Em lado algum das suas alegações o recorrente sequer invoca que in casu se verifica algum dos pressupostos de que a lei faz depender a admissão do recurso, a saber que esteja em causa a apreciação de uma questão que, pela sua relevância jurídica ou social, se revista de importância fundamental ou quando a admissão do recurso seja claramente necessária para uma melhor aplicação do direito (cf. o n.º 1 do art. 285.º do CPPT).
Ora, constitui jurisprudência pacífica deste Supremo Tribunal que nada alegando o recorrente quanto à verificação no caso concreto de algum dos pressupostos legais do recurso e não sendo também evidente ou manifesta a importância jurídica ou social fundamental da questão decidenda ou a clara necessidade da revista “para melhor aplicação do direito” o recurso não será admitido, porquanto decorre dos artigos 144.º n.º 2 do CPTA e 639.º n.ºs 1 e 2 do CPC, subsidiariamente aplicáveis, que cumpre ao recorrente alegar e demonstrar a factualidade necessária para integrar a verificação dos referidos pressupostos, sendo que o ónus de alegação e demonstração da verificação dos pressupostos não se tem por cumprido se o recorrente apenas os enuncia, mediante a reprodução do texto da lei e considerandos doutrinais e jurisprudenciais sobre os mesmos, ao invés de alegar factualidade concreta susceptível de os integrar .

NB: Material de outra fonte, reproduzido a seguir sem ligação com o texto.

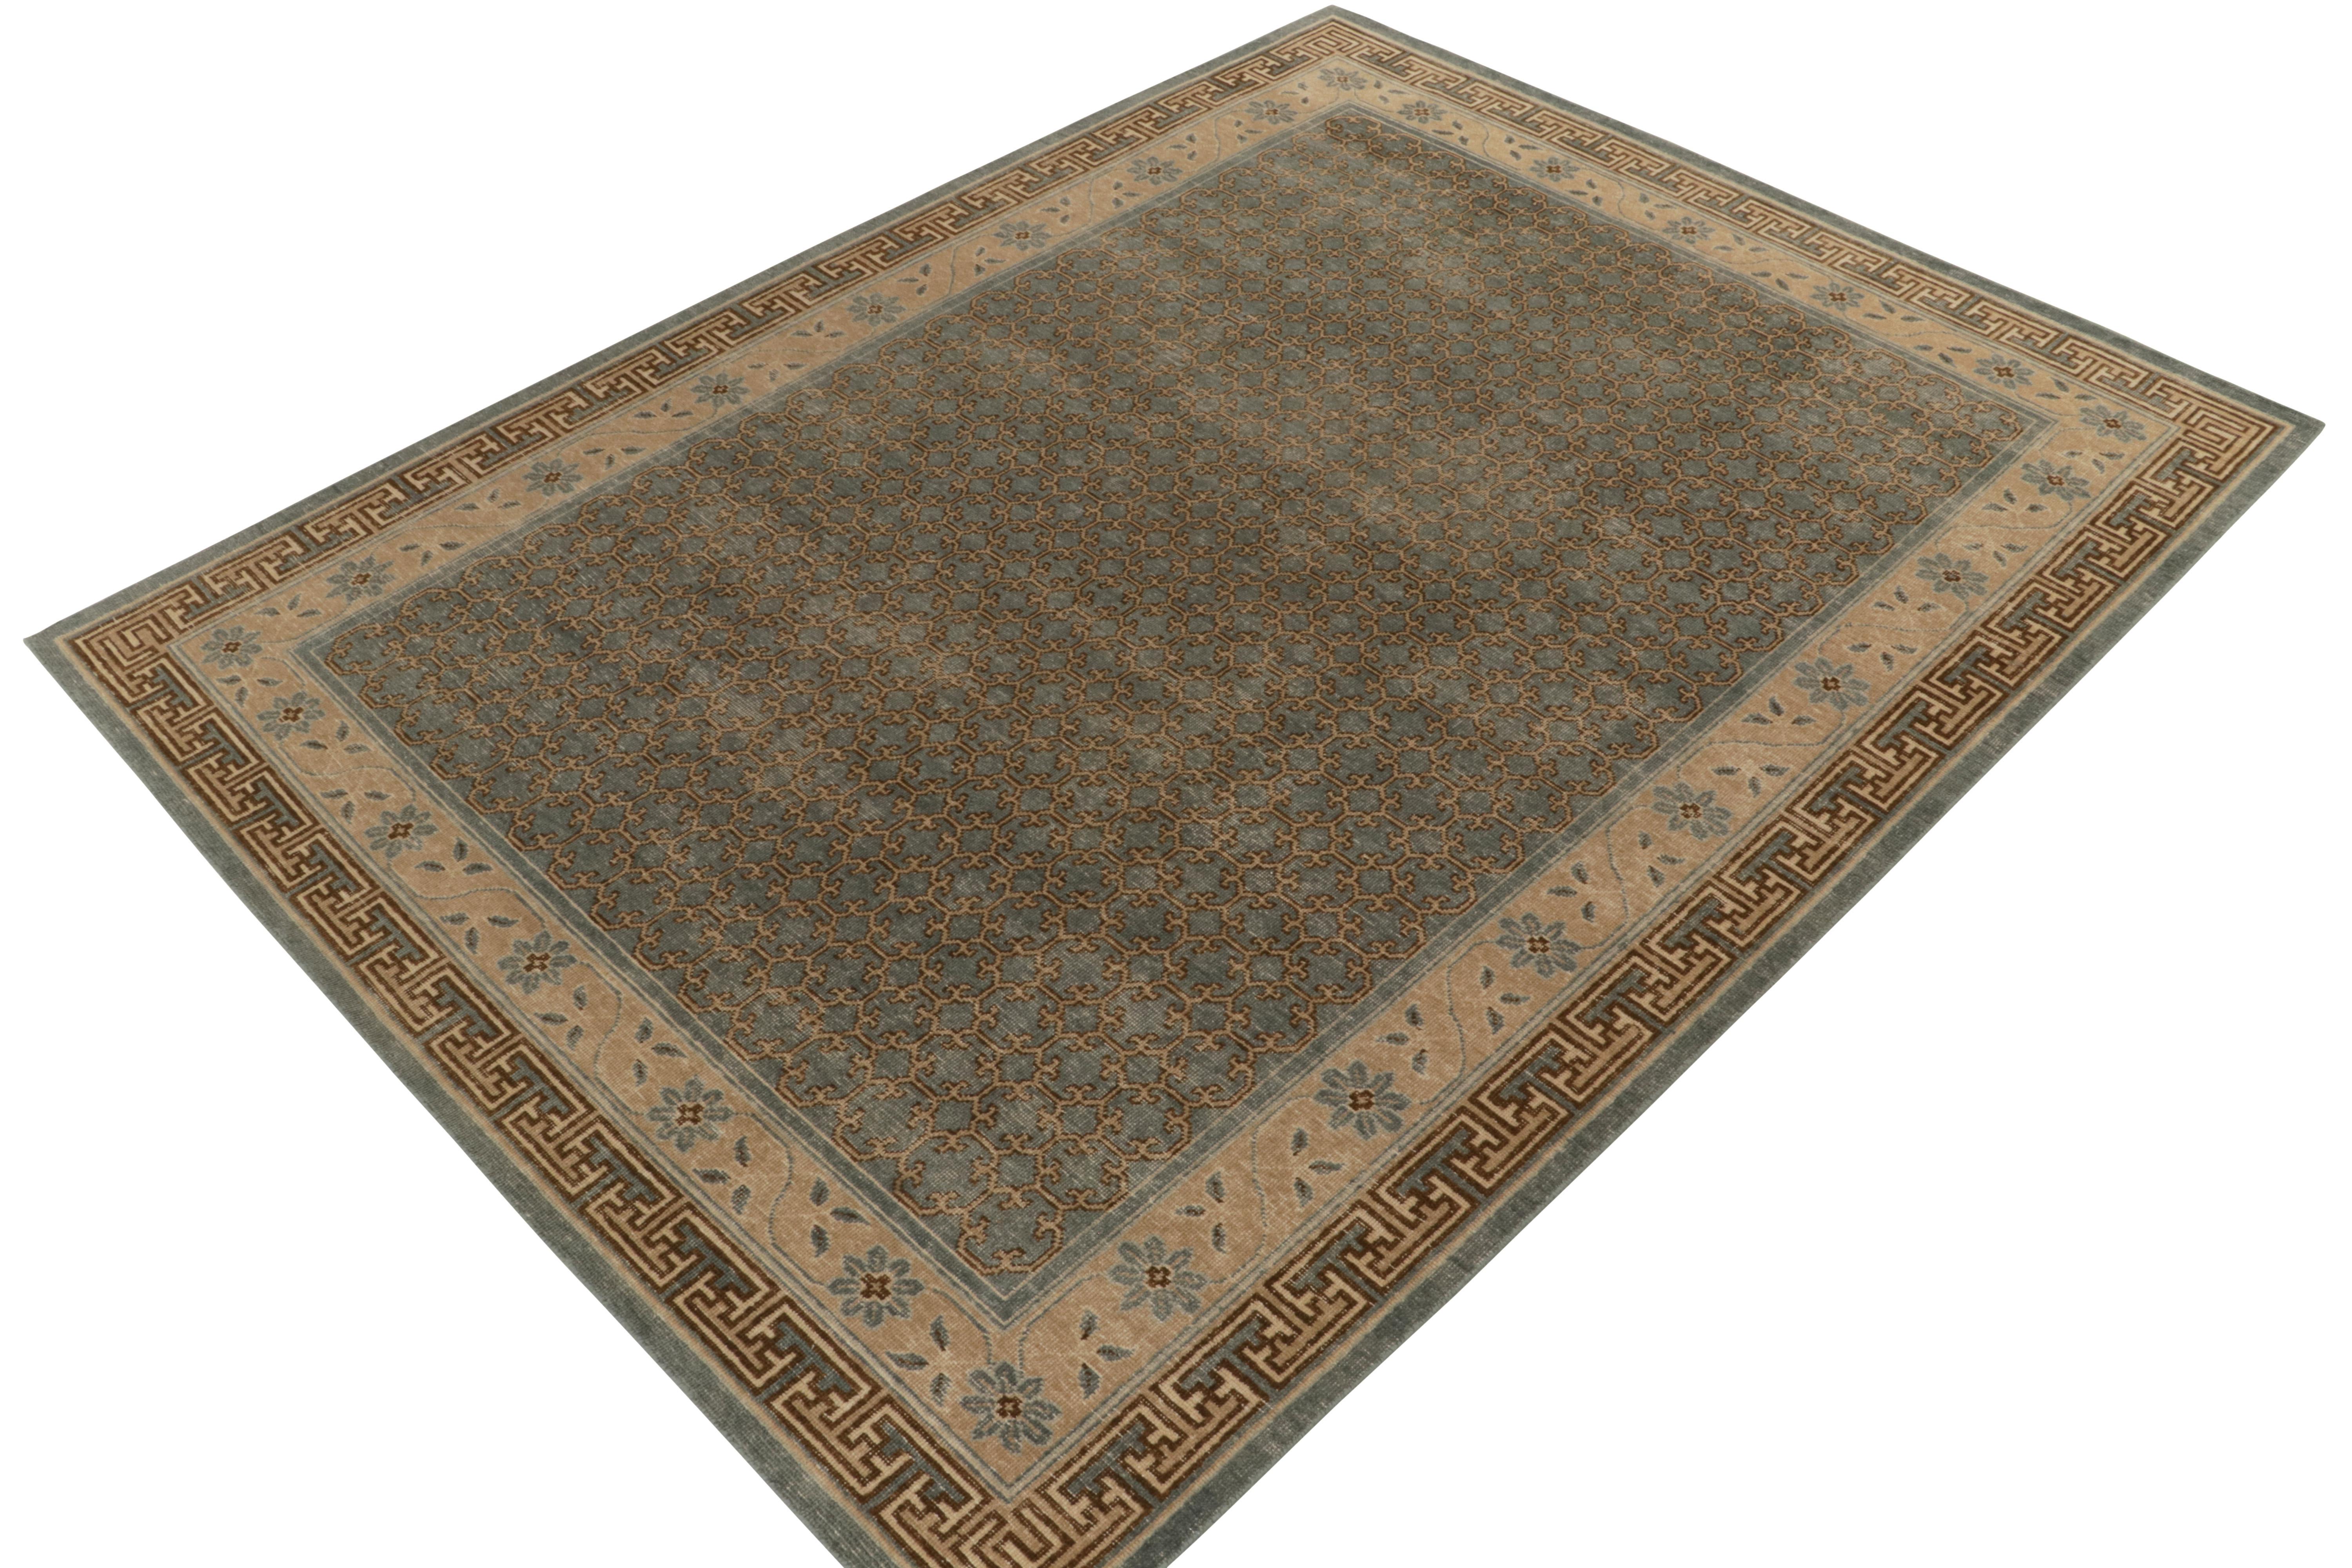 An elegant 9x12 hand-knotted wool rug from Rug & Kilim’s Homage Collection—a bold textural encyclopedia of venerated patterns and styles. 

The classic frame stands inspired by antique Khotan Samarkand rugs of the early 20th century, enjoying a

Por outro lado, a questão enunciada pelo recorrente como pretendendo que constitua objecto do recurso (em relação à qual houve divergência entre as instâncias) – a de saber se in casu se deve ter como verificada a “acessoriedade material “entre a garantia prestada e o mútuo concedido para efeitos de (não) sujeição ao Imposto do Selo previsto nas Verba 10 da TGIS -, não justifica a admissão da revista, pois que em causa está, apenas, a apreciação da prova produzida, matéria excluída do âmbito do presente recurso.
Concluindo:
Constitui jurisprudência pacífica deste Supremo Tribunal que nada alegando o recorrente quanto à verificação no caso concreto de algum dos pressupostos legais do recurso e não sendo também evidente ou manifesta a importância jurídica ou social fundamental da questão decidenda ou a clara necessidade da revista “para melhor aplicação do direito” o recurso não será admitido, porquanto decorre dos artigos 144.º n.º 2 do CPTA e 639.º n.ºs 1 e 2 do CPC, subsidiariamente aplicáveis, que cumpre ao recorrente alegar e demonstrar a factualidade necessária para integrar a verificação dos referidos pressupostos.
Termos em que a revista não será admitida.